Detect requires expressions in more unusable contexts. This is far from
perfect, but currently we have no good metric to decide between a
requires expression and a trailing requires clause.
Details
Diff Detail
- Repository
- rG LLVM Github Monorepo
Event Timeline
clang/lib/Format/UnwrappedLineParser.cpp | ||
---|---|---|
2824–2828 | s/doesn't/don't/ | |
2861–2867 | I think it's weird that your heuristic parses backward rather than forward. I would think that the next token after the requires keyword tells you what it is with pretty high probability: Or are those heuristics already present in trunk, and this PR is just dealing with the "unclear" case? | |
2908 |
clang/lib/Format/UnwrappedLineParser.cpp | ||
---|---|---|
2861–2867 | That would be so much better, but I can't easily look forward. Next is still nullptr, until I call nextToken(), but then I'm already moved along. But this got me thinking, at least for the easy stuff I can just go forward and don't start on the keyword in parseRequiresClause() and parseRequiresExpression(). The paren case is more tricky, but I will try something. |
clang/lib/Format/UnwrappedLineParser.cpp | ||
---|---|---|
2861–2867 | Present in main everything is a clause, except for requires expressions in a constraint expression. So the stuff where you use the requires expression in a "normal" boolean expression are misparsed and thus most likely misformatted. There is actually a peekToken(), let's see if this is better. |
Hey ho, sorry for the late comment here, but adding peekNextToken(n) is problematic, as this gets in the way of future changes we want to do to handle macros better.
Usually we want to use X = Tokens->getPosition() and FormatTok = Tokens->setPosition(X) pairs when doing look-ahead.
I did a quick attempt at fixing this, but ran into infinite loops later in the annotator :(
Generally, why do we need to have that much information? I.e. why do we need to know the exact type of the "requires" keyword?
I do understand we need to know the brace type, but that seems like it would be easier to figure out in the TokenAnnotator (where we already parsed UnwrappedLines).

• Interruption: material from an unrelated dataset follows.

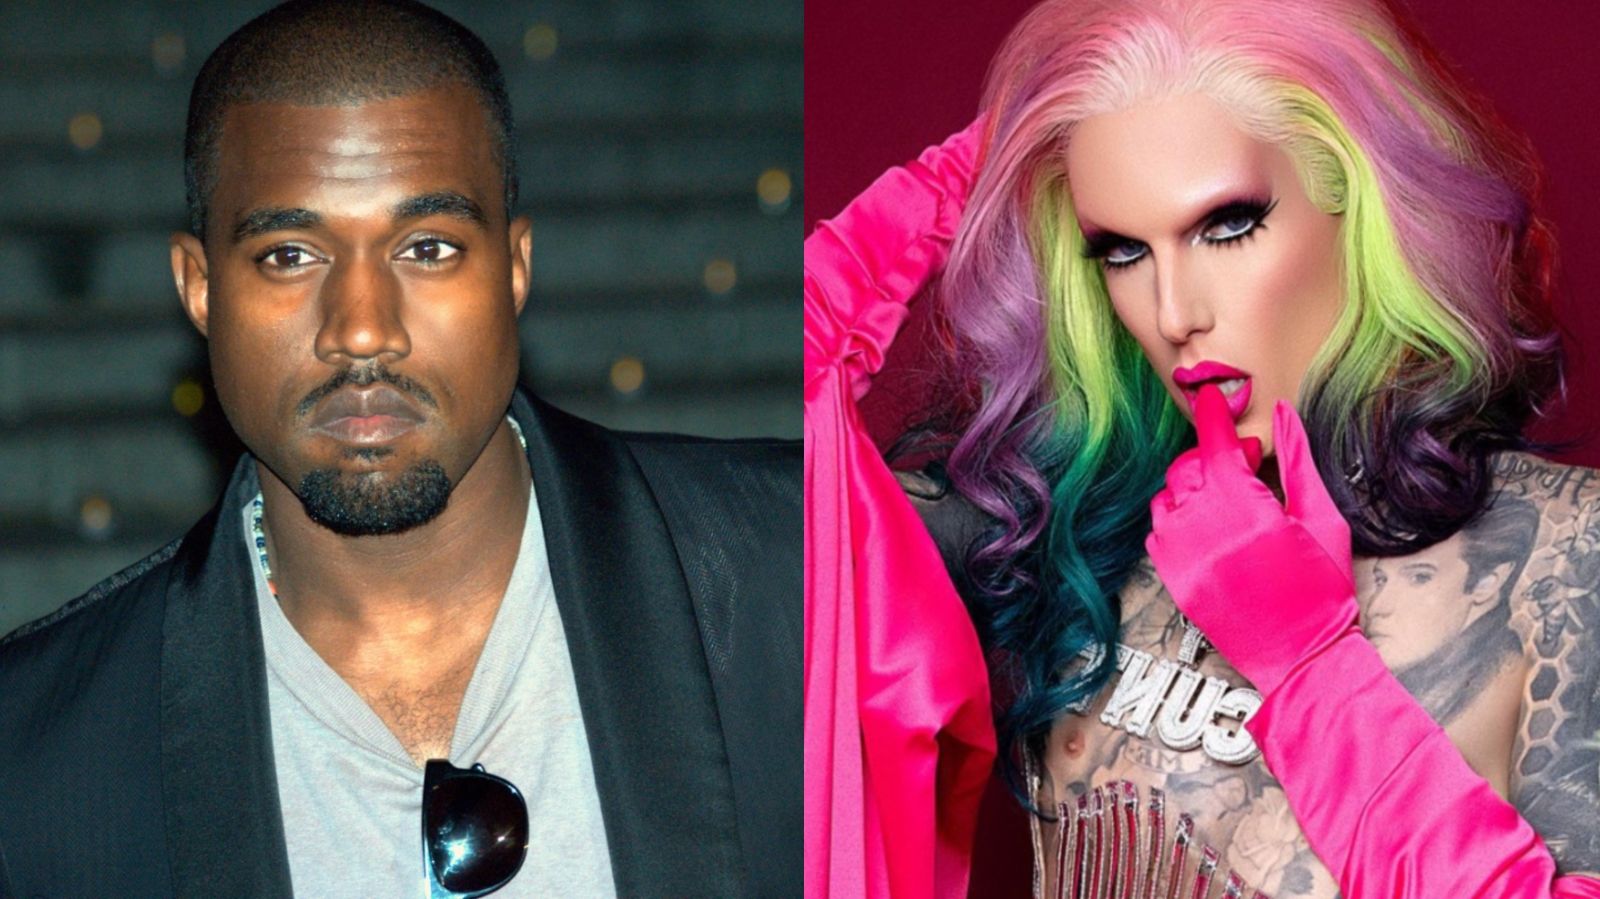 HOT: Kanye West is suspected of having an affair with makeup king Jeffree Star amid Kim's divorce drama, stirring up the owner's reaction - Photo 2.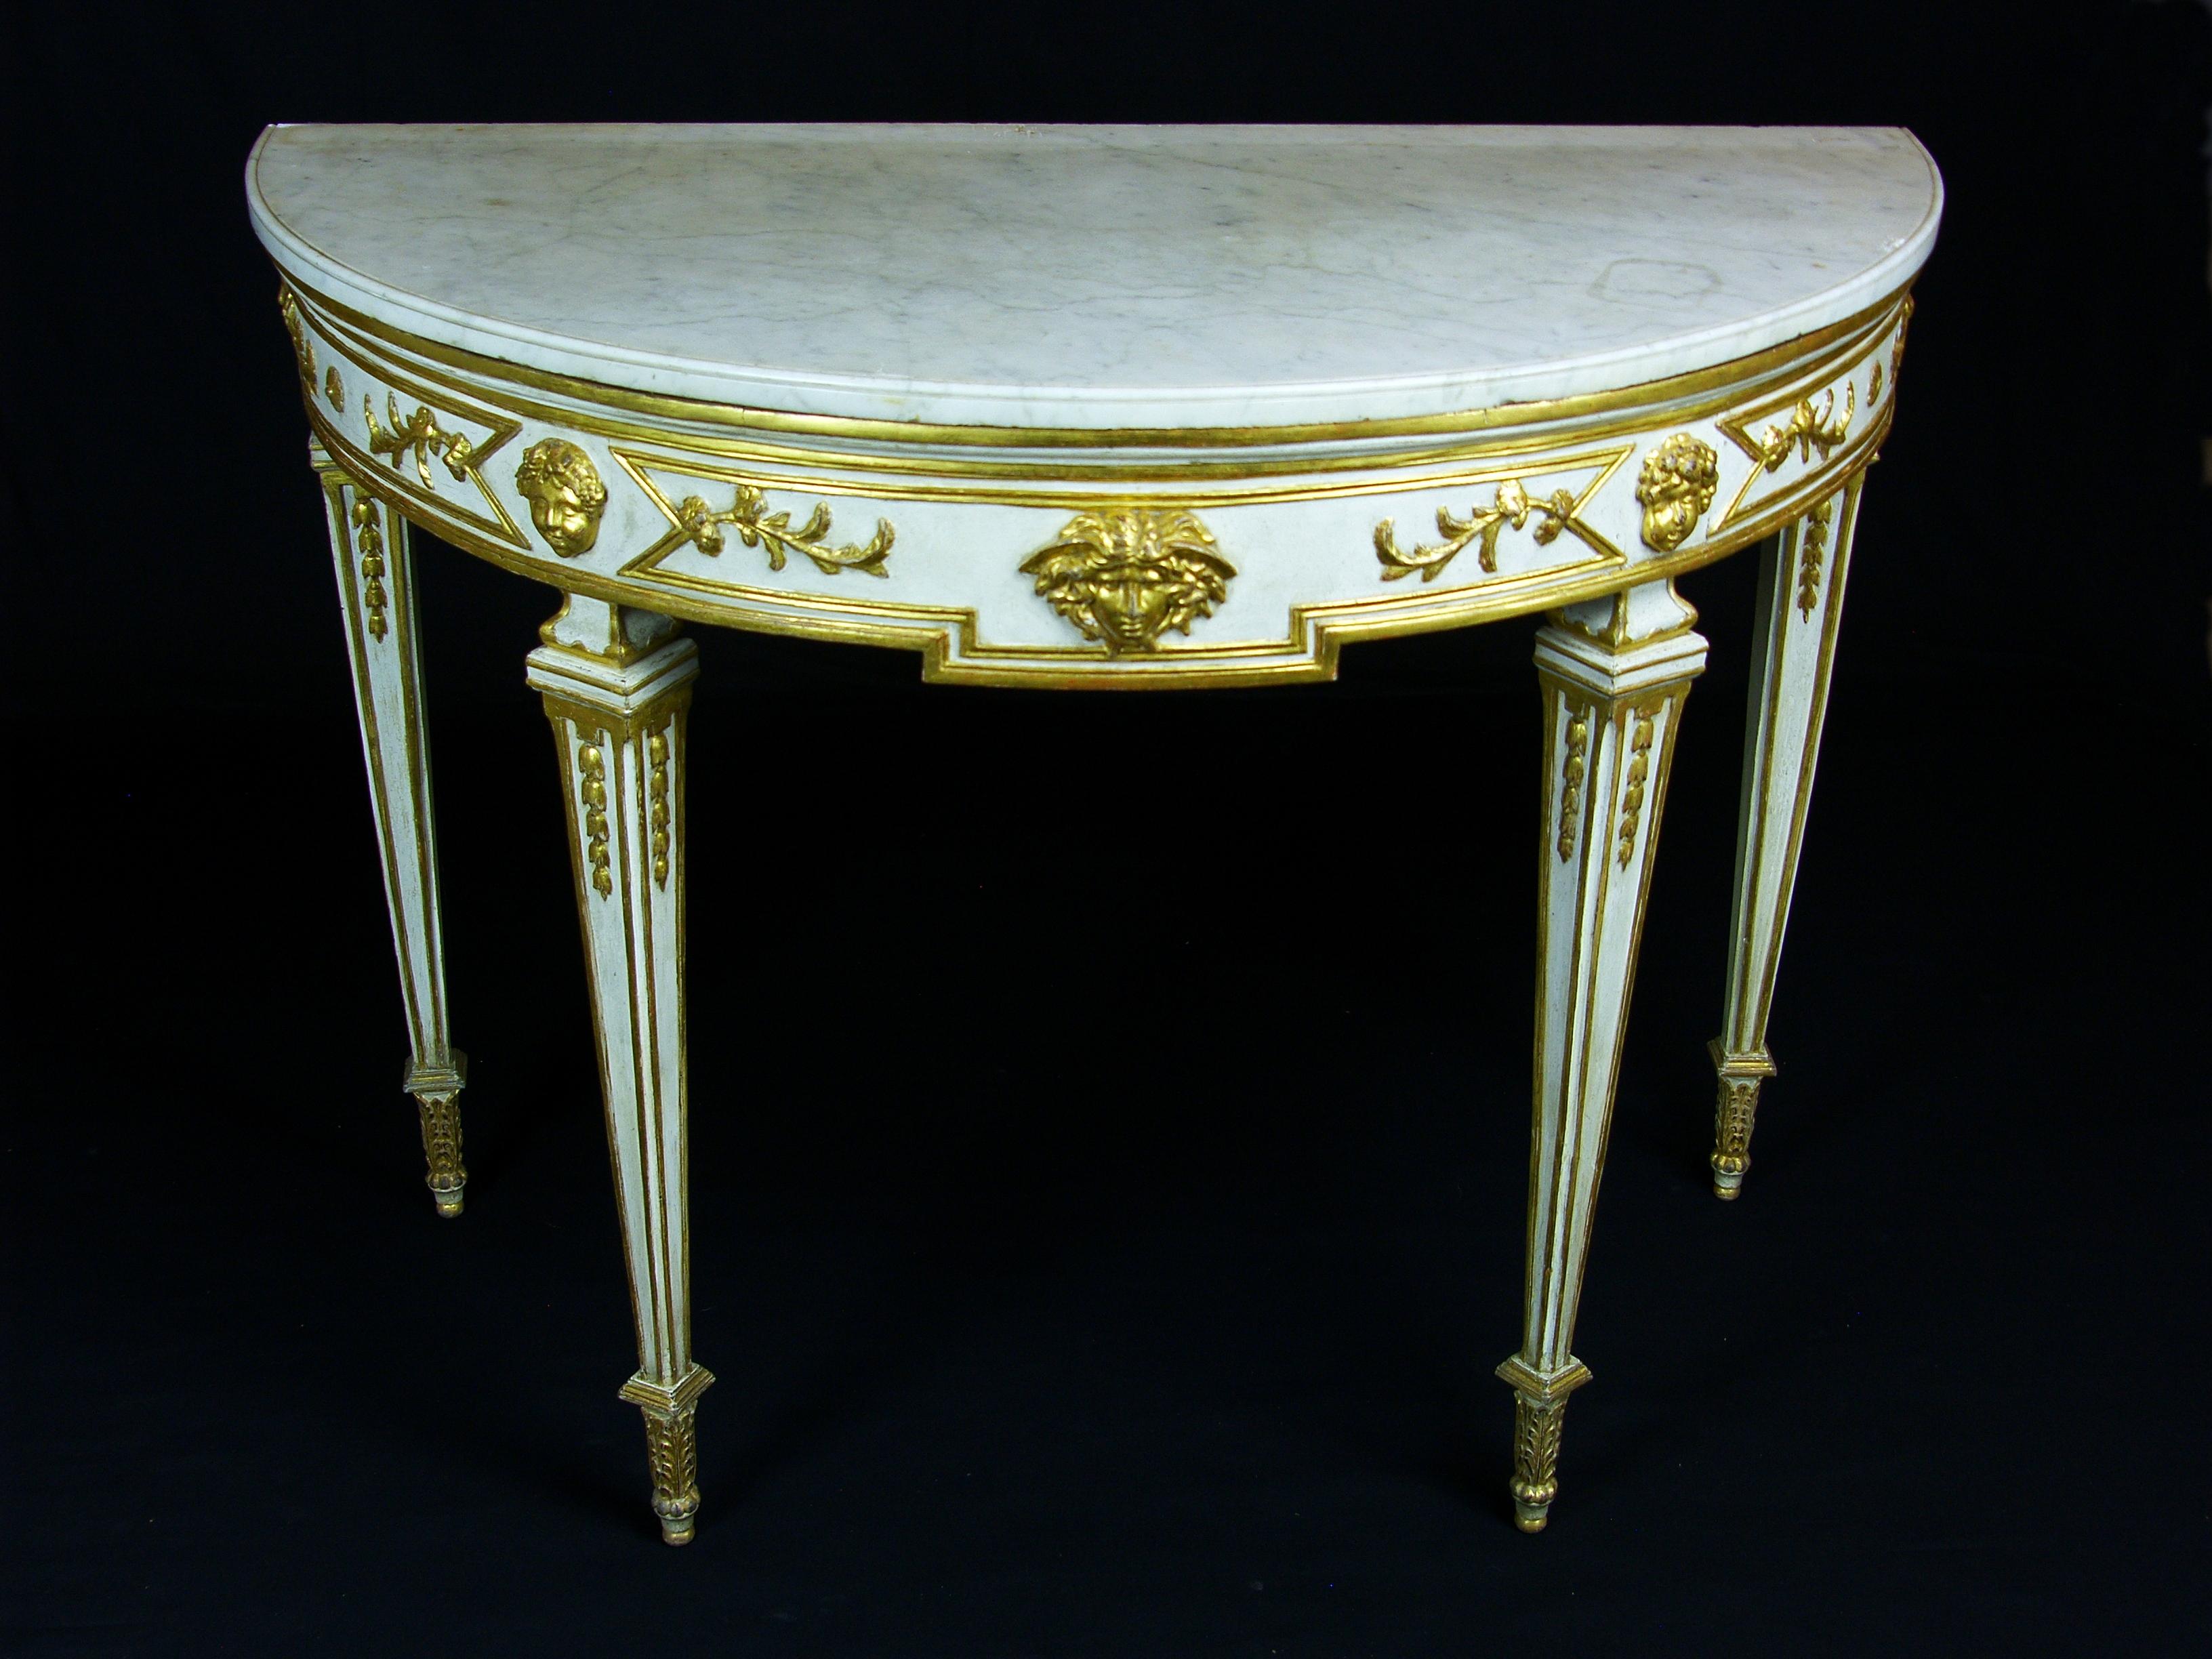 18th Century, Pair of Italian Half-Moon Lacquered Giltwood Neoclassical Console For Sale 2

Do we ever parse UnwrappedLines differently depending on requires clauses/expressions?
If not, we should really do the annotation in TokenAnnotator, where we already have nice parsing bounds from the parsed UnwrappedLines.
Who is we, I'm not part of that we and haven't heard of some macro improvements. And I don't see how that feature is harming you, but be my guest in changing that. If you look into the history of this change I had a heuristic approach which would only look behind to differentiate.
I don't know if that can be solved in the TokenAnnotator, but you and I have different opinions about that. I'd put more annotating in the UnwrappedLineParser, annotate it as soon as we can.
I'll happily review any changes proposed, but I will not rework this piece of code, unless I can see a big flaw in it (which I can't right now).
I changed it in 49aca00d63e14df8bc68fc4329e6cbc9c9805eb8.
"We" is the people working on clang-format :) I hope that we have a common goal of making clang-format as easy to maintain as we can.
FWIW, I once had the same opinion as you about best doing all parsing as early as possible, but djasper convinced me that the split was a good idea, and in the end, I think it turns out to be significantly less brittle to do more complex annotation in TokenAnnotator. E.g. we now have a lookahead limit of 50, which seems rather arbitrary, while in TokenAnnotator we could simply limit lookahead towards the current UnwrappedLine. Similarly, in TokenAnnotator, we already have all the parens connected, so we could simply look from requires l_paren to the corresponding r_paren and whether the next token is an l_brace. If I can find a bit of time I'll take an attempt at implementing it.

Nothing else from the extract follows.